Alternative Chinese name
- Traditional Chinese: 禮經
- Simplified Chinese: 礼经
- Literal meaning: Rites Classic

Standard Mandarin
- Hanyu Pinyin: Lǐjīng
- Wade–Giles: Li^{3}-ching^{1}

Yue: Cantonese
- Yale Romanization: láih gīng
- Jyutping: lai5 ging1

Southern Min
- Hokkien POJ: Lé-keng
- Tâi-lô: Lé-king

Vietnamese name
- Vietnamese: Kinh Lễ
- Hán-Nôm: 經禮

Korean name
- Hangul: 예기
- Hanja: 禮記
- Revised Romanization: Yegi

Japanese name
- Kanji: 礼記
- Hiragana: らいき
- Romanization: Raiki

= Book of Rites =

Chinese classic text

The Book of Rites, also known as the Liji (禮記), is a collection of texts that describe the social forms, administrative structures, and ceremonial rites of the Zhou dynasty, as interpreted during the Warring States period and the early Han dynasty. Together with the Rites of Zhou (周禮) and the Book of Etiquette and Rites (儀禮), it forms part of the "Three Li" (三禮), which comprise the ritual (禮) component of the Five Classics—a foundational set of texts in the Confucian tradition. Each of the Five Classics is a compilation of works rather than a single text.

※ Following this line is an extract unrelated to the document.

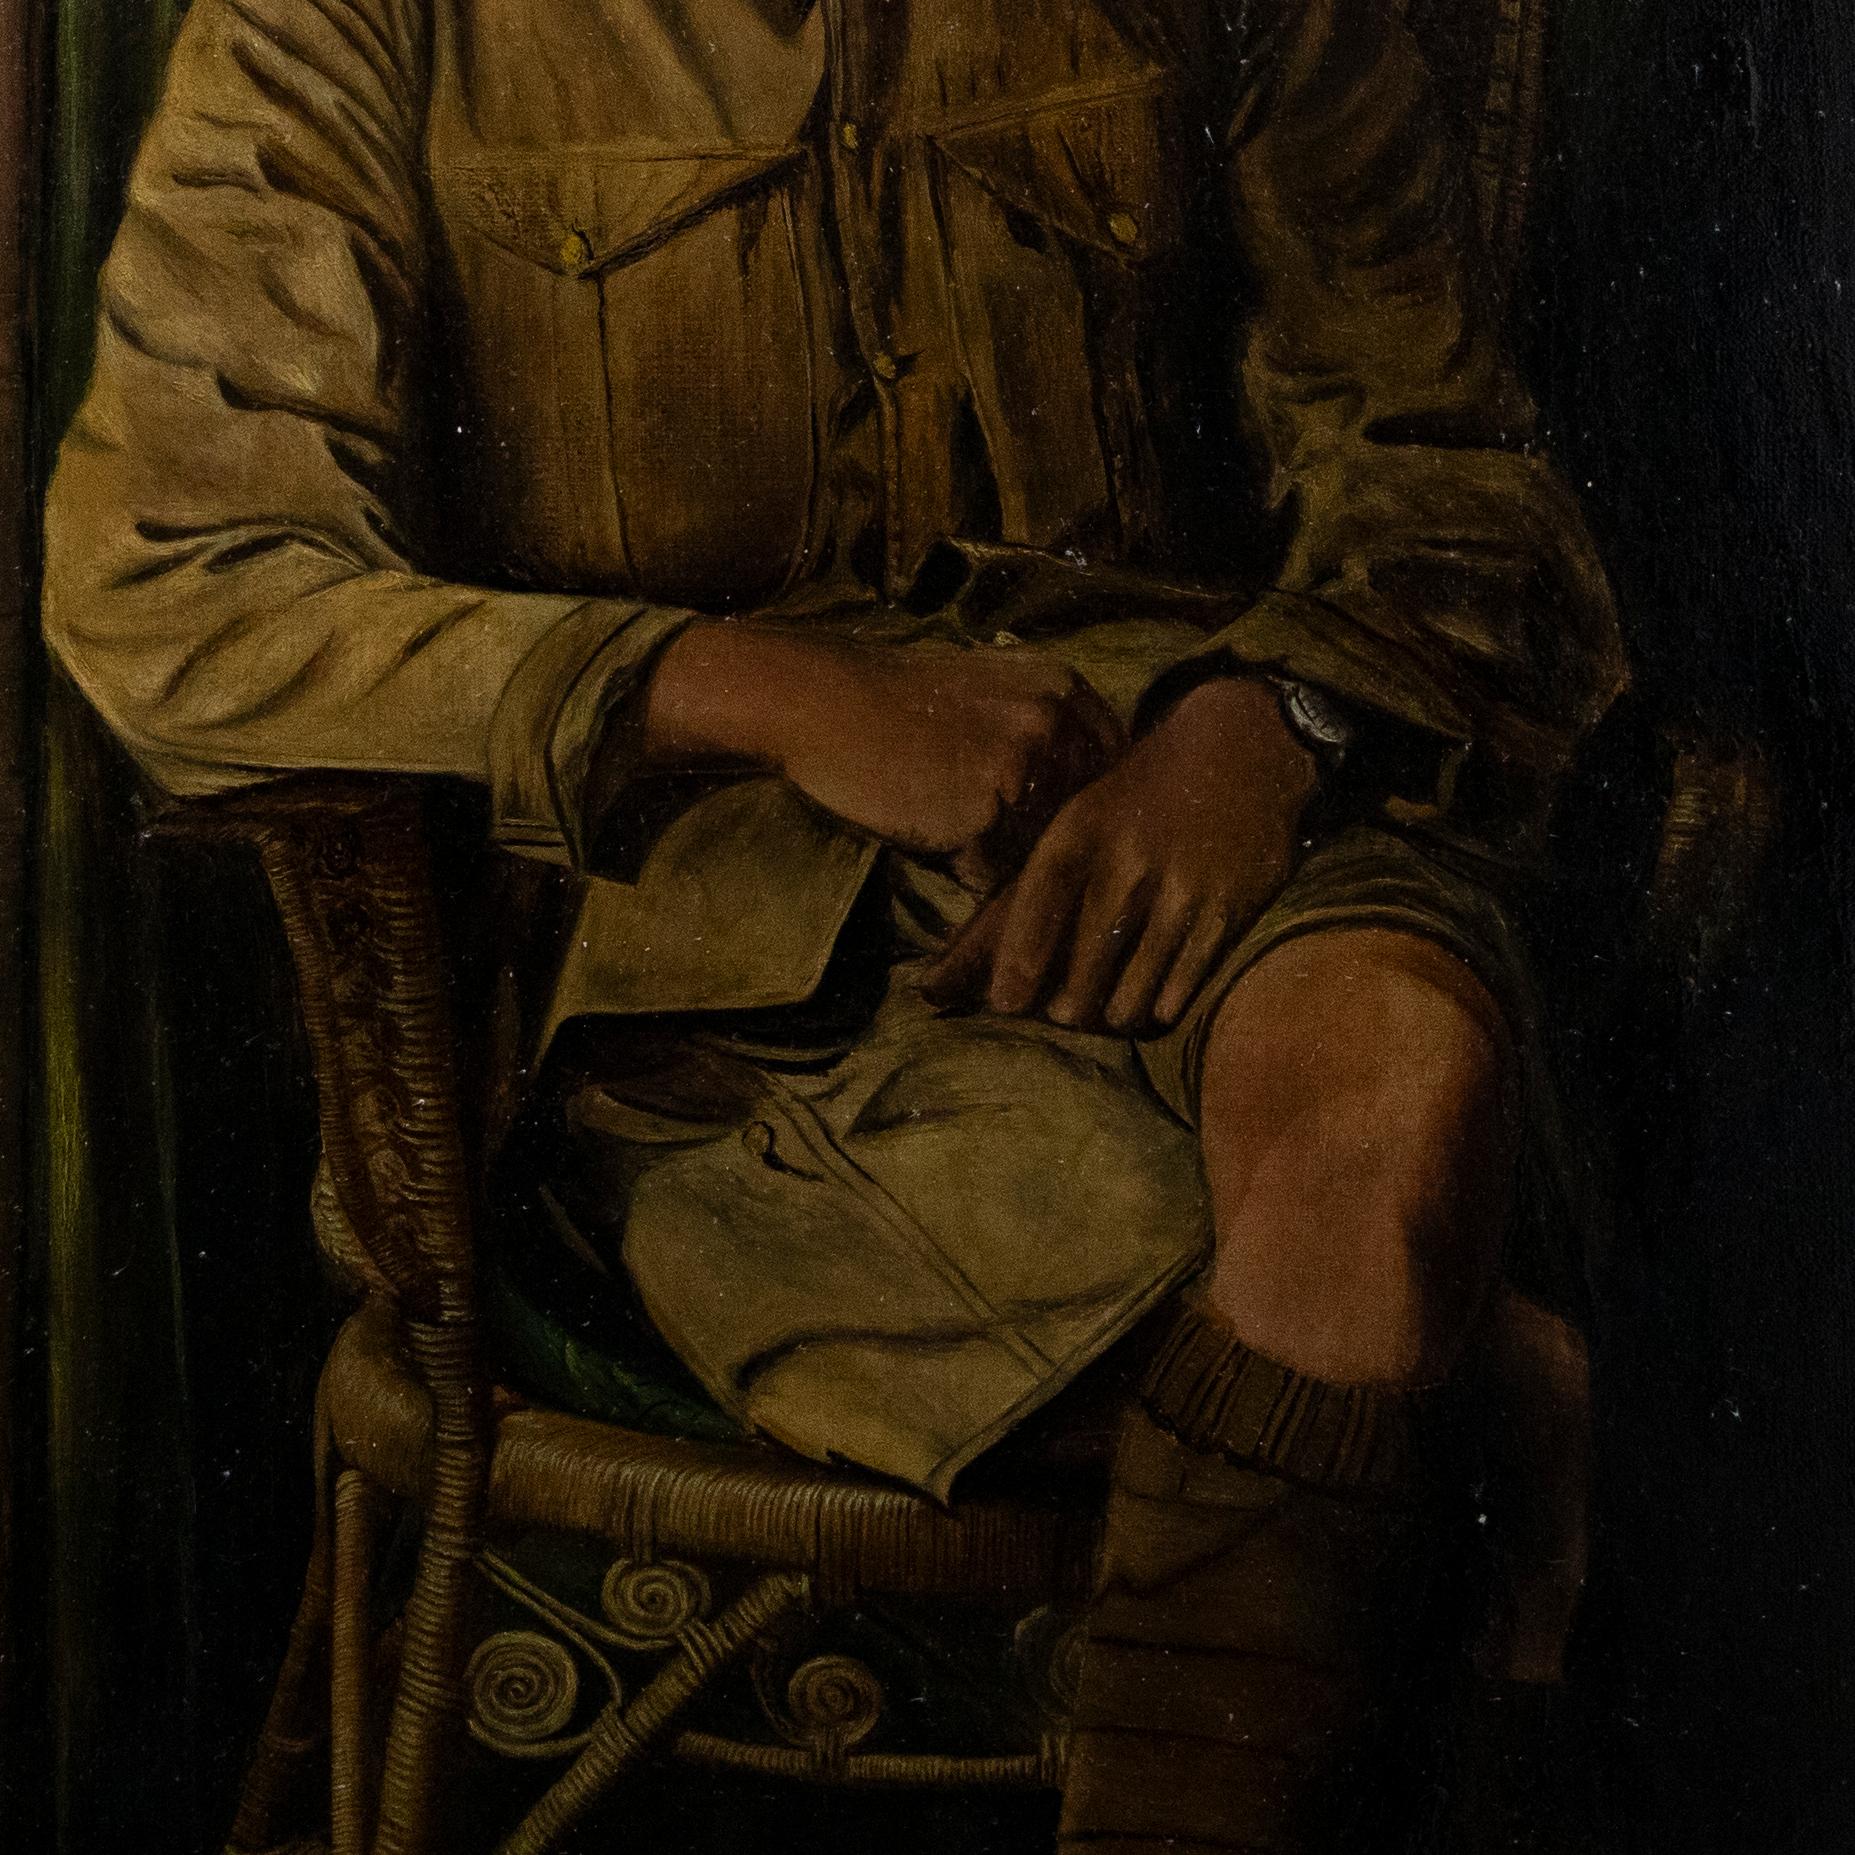 A striking portrait of a British WWI soldier in uniform. The artist has depicted the handsome man, seated in a wicker chair with a green curtain draped to the background. Presented in a substantial gilt-effect frame. Unsigned. On canvas on

As a core Confucian text, the Book of Rites is also referred to as the Classic of Rites or Lǐjīng (禮經). Some scholars suggest that Lijing was the original title before it was changed by the Han dynasty scholar Dai Sheng.

==Legitimacy==
That the Book of Rites contains genuine Warring States period documents (in addition to Han documents) was questioned in China during the Doubting antiquity movement.

In 1993, a copy of the "Black Robes" chapter was discovered in Tomb 1 of the Guodian tombs in Jingmen, Hubei province. As the tomb was sealed around 300 BCE, the discovery reignited scholarly debate regarding the dating of other chapters of the Liji, particularly their possible origins in the Warring States period.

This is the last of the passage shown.